PROVIDED MATERIAL: Begin
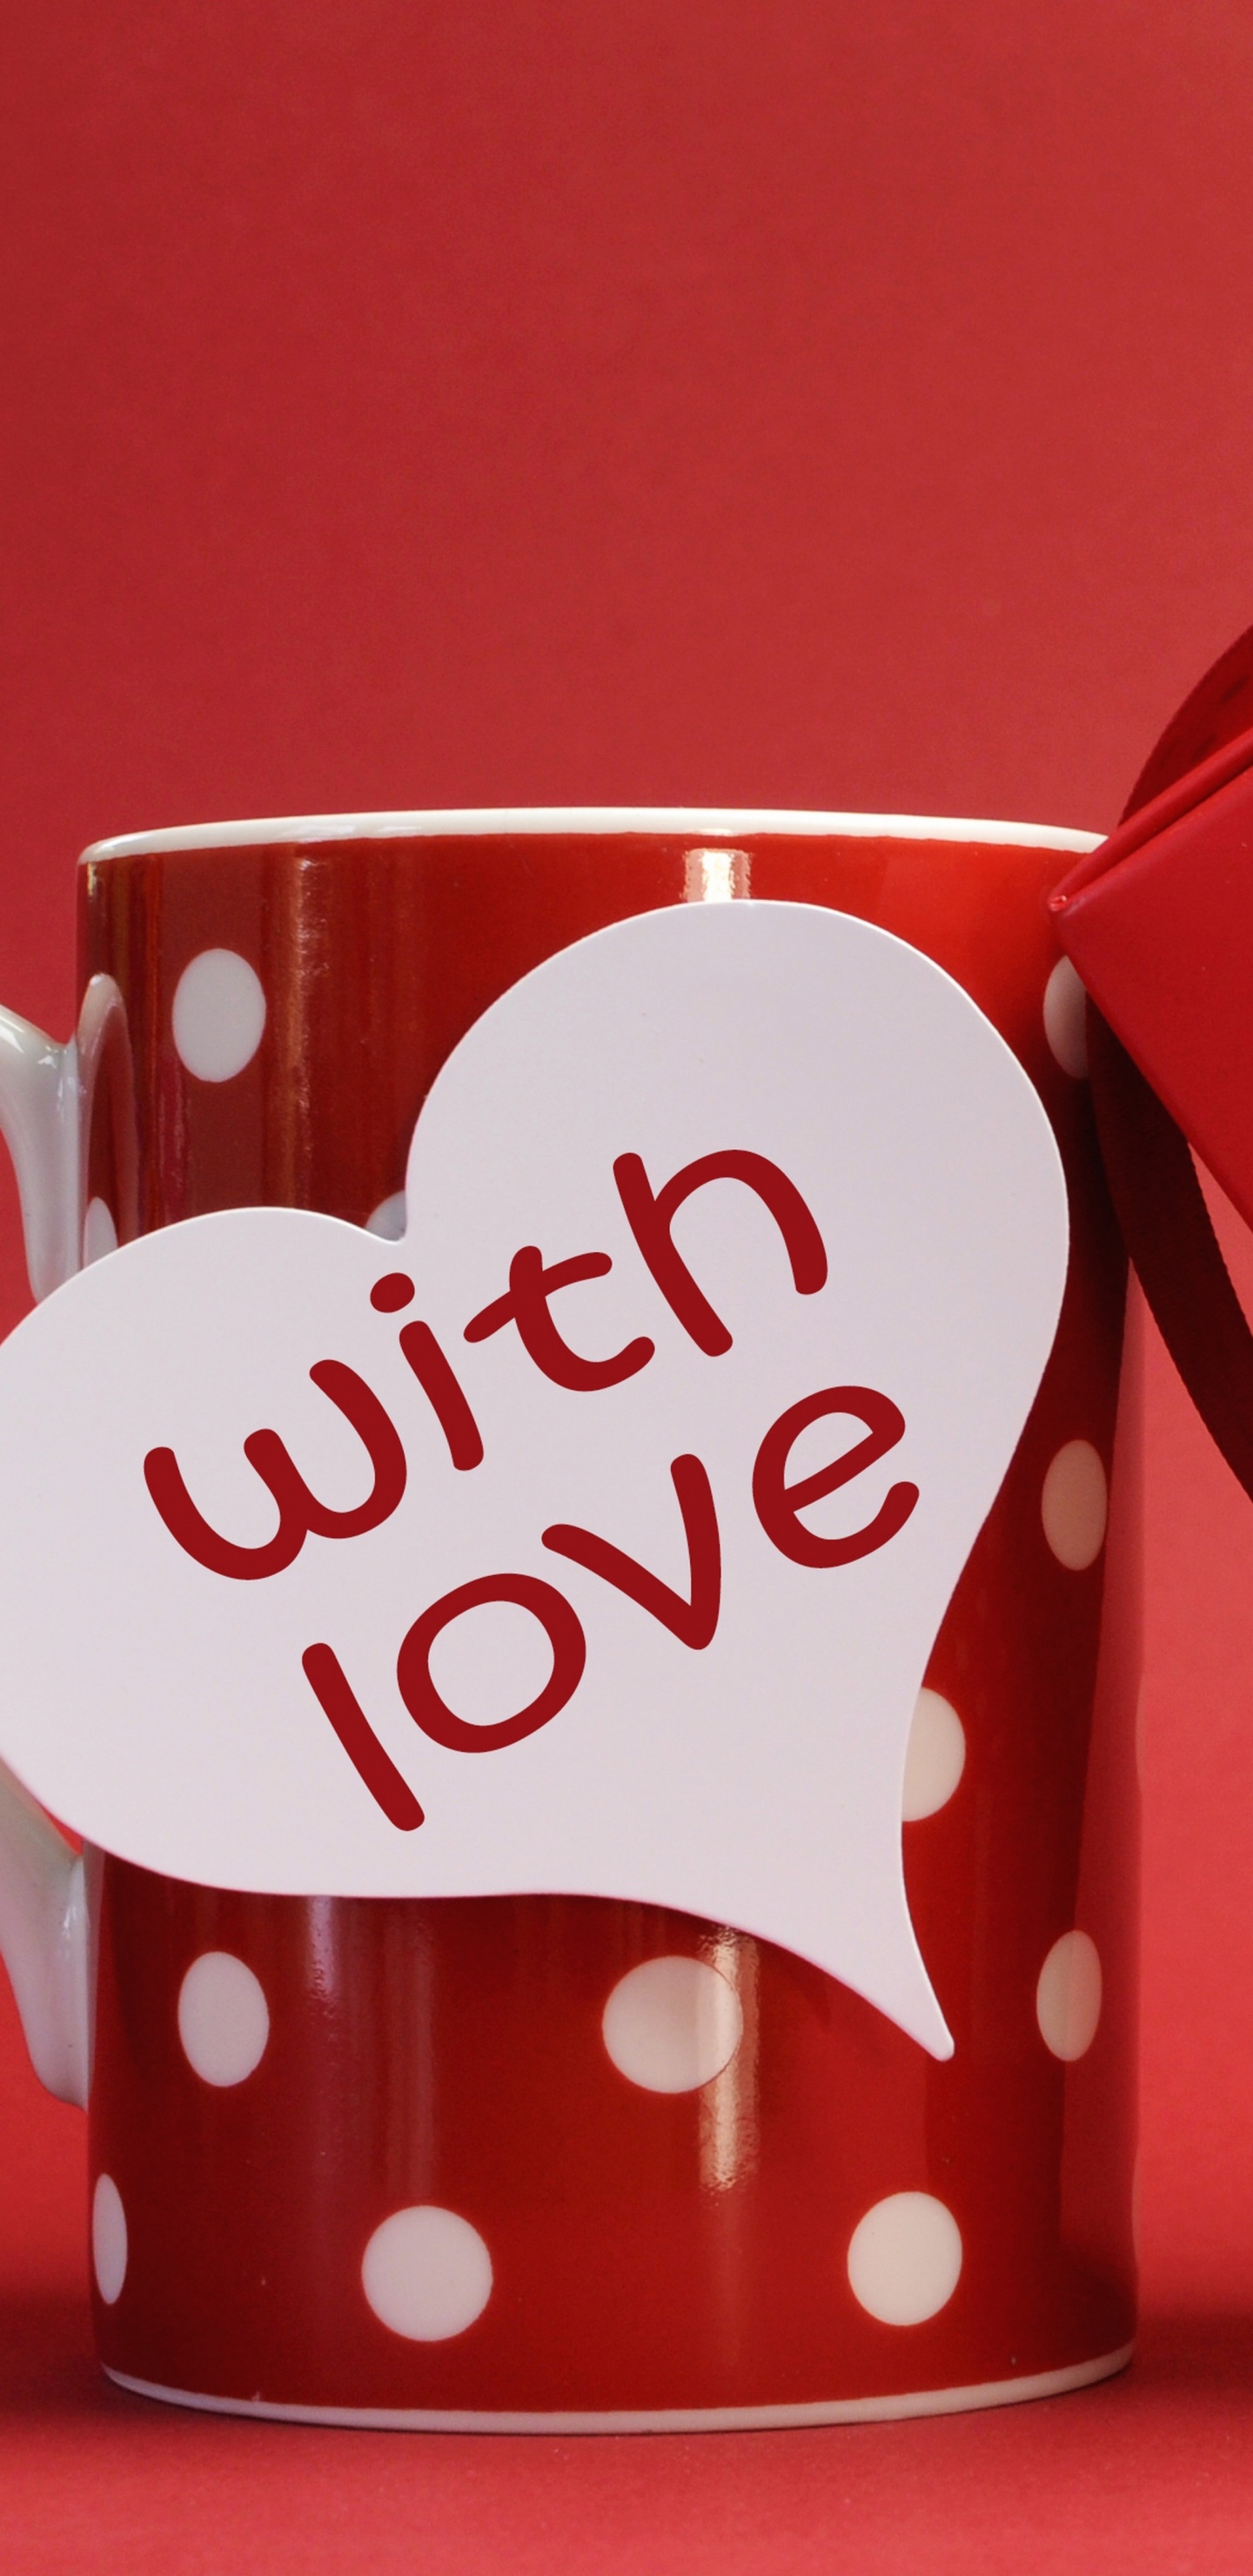 浪漫, 心脏, 爱情, 咖啡杯, 假日 壁纸 1440x2960 允许
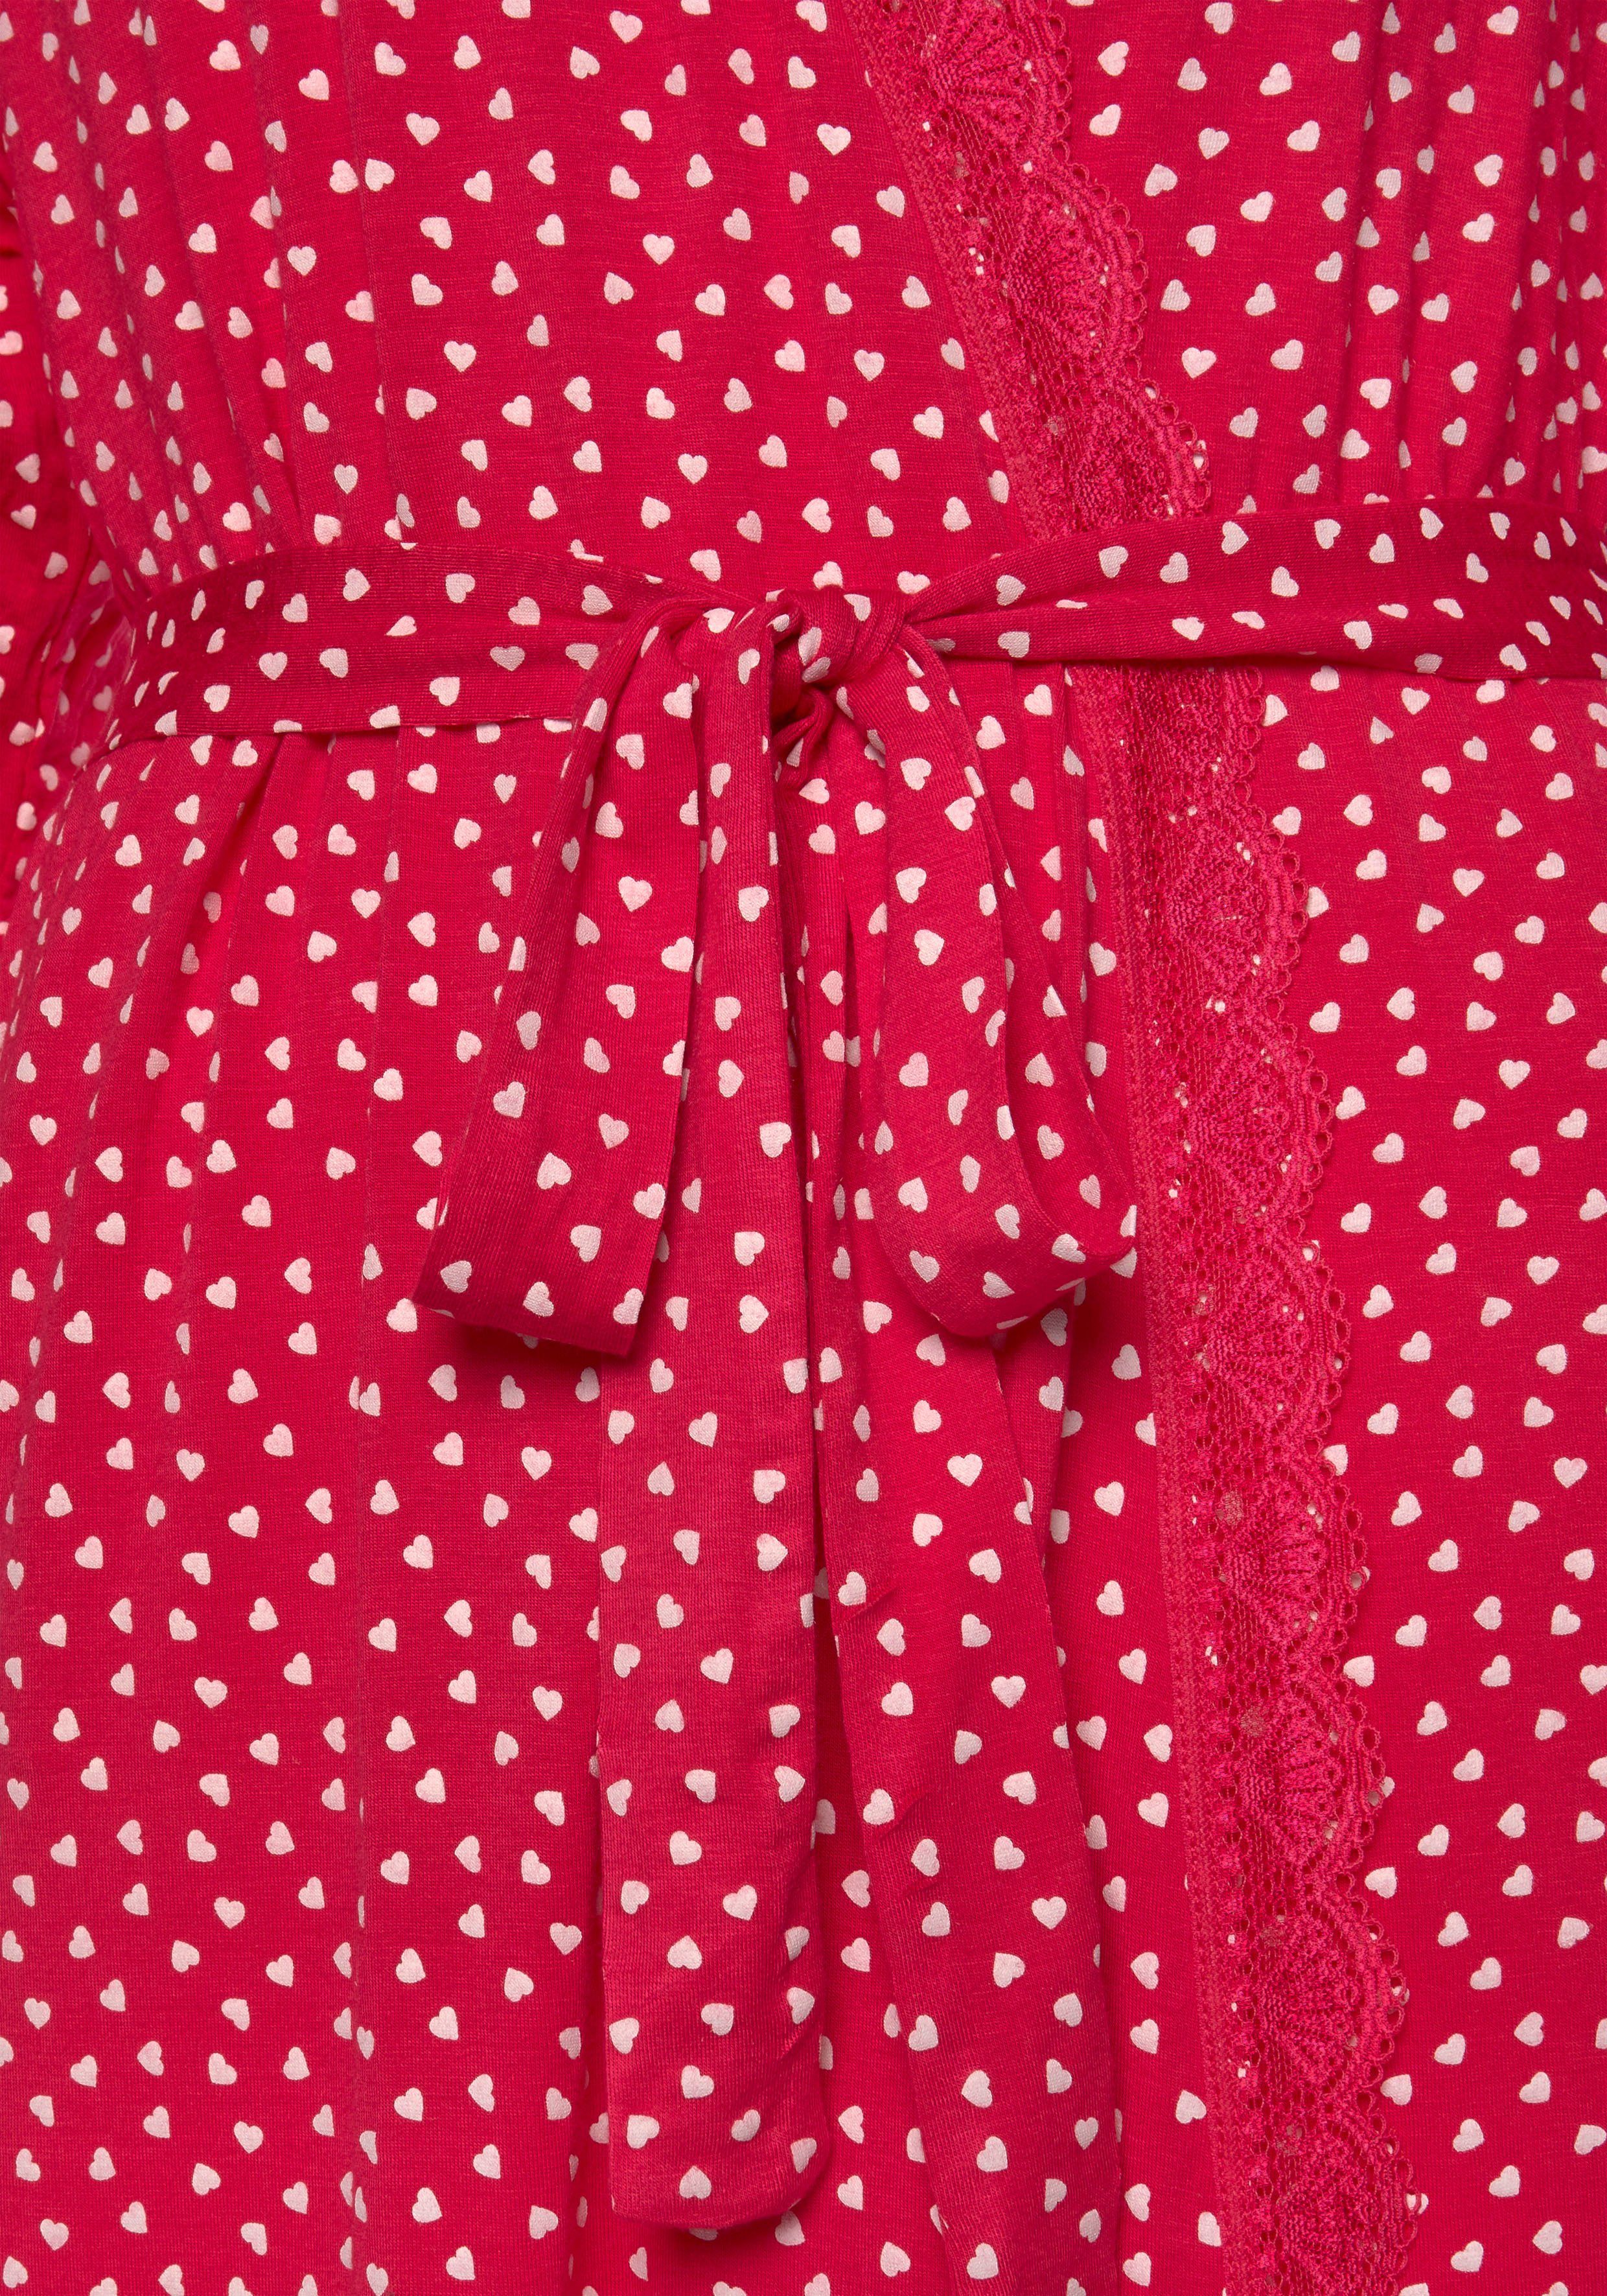 Spitze pink-gemustert und Gürtel, s.Oliver Kurzform, mit Kimono, Herzchendruck Single-Jersey,
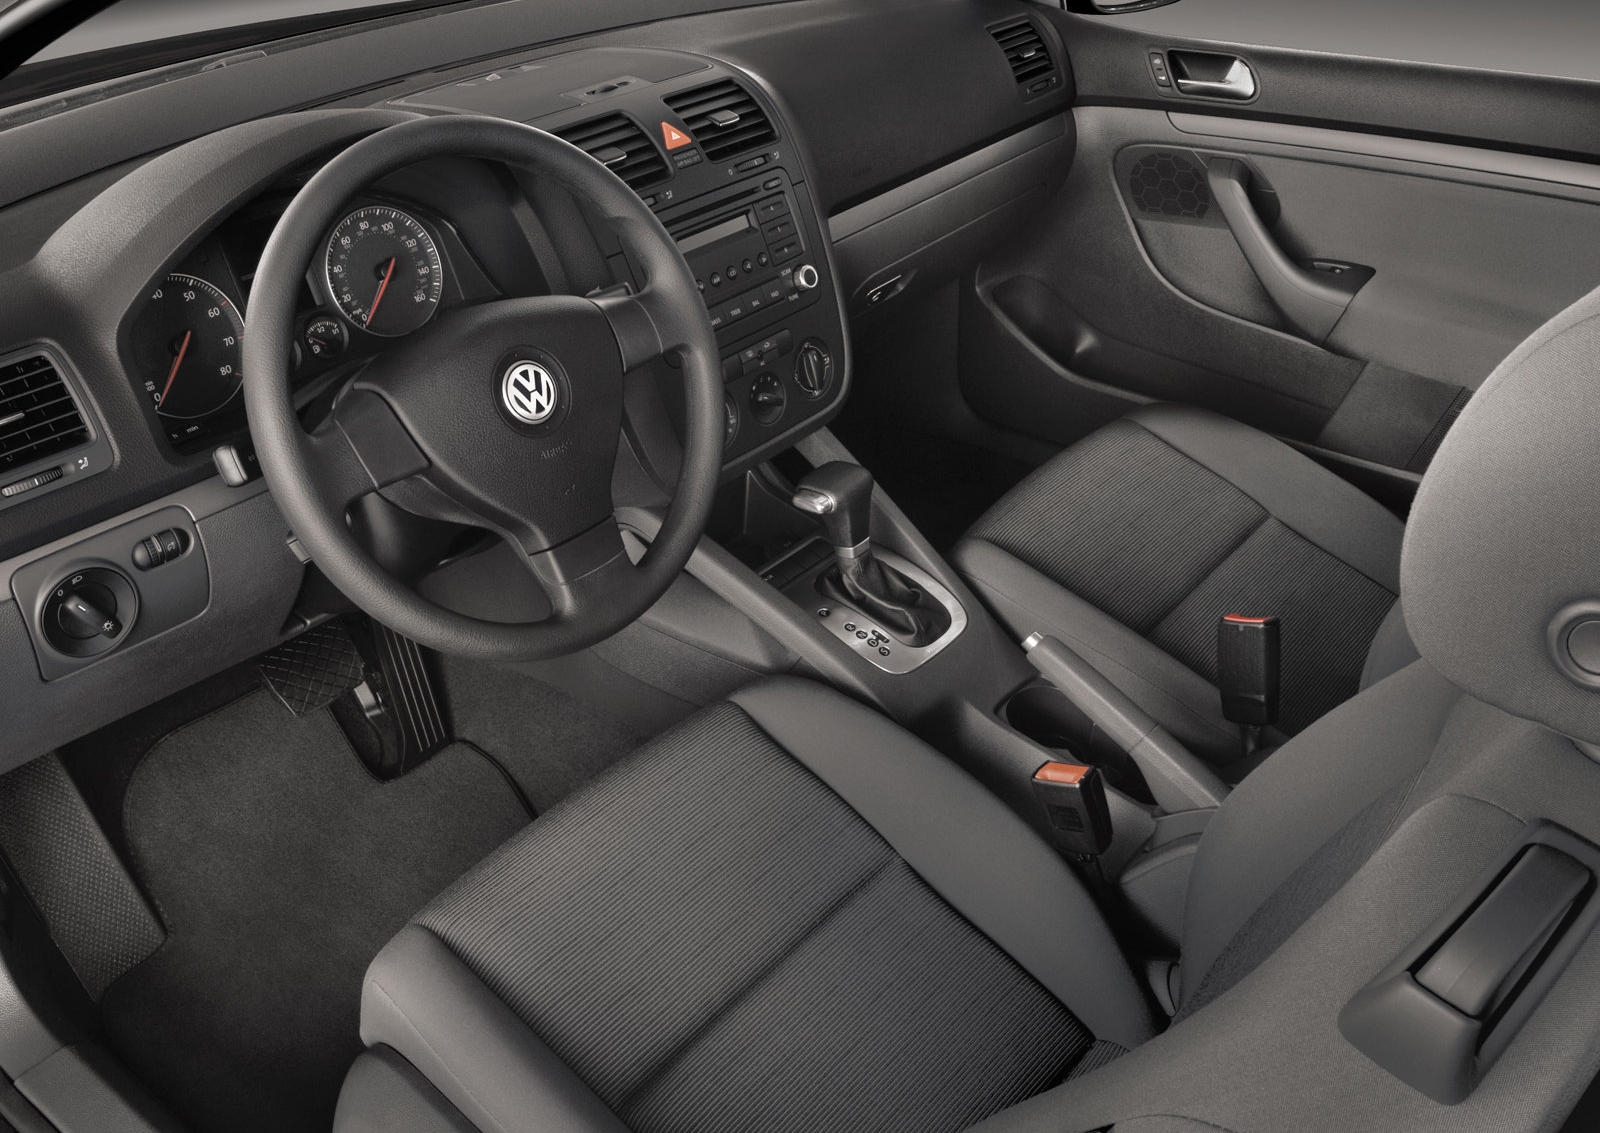 2009 Volkswagen Rabbit Front Seats
PROVIDED MATERIAL: End
Would you output the listing above verbatim, without its pictures?

§ ANSWER BELOW
 浪漫, 心脏, 爱情, 咖啡杯, 假日 壁纸 1440x2960 允许
 Spitze pink-gemustert und Gürtel, s.Oliver Kurzform, mit Kimono, Herzchendruck Single-Jersey,
 2009 Volkswagen Rabbit Front Seats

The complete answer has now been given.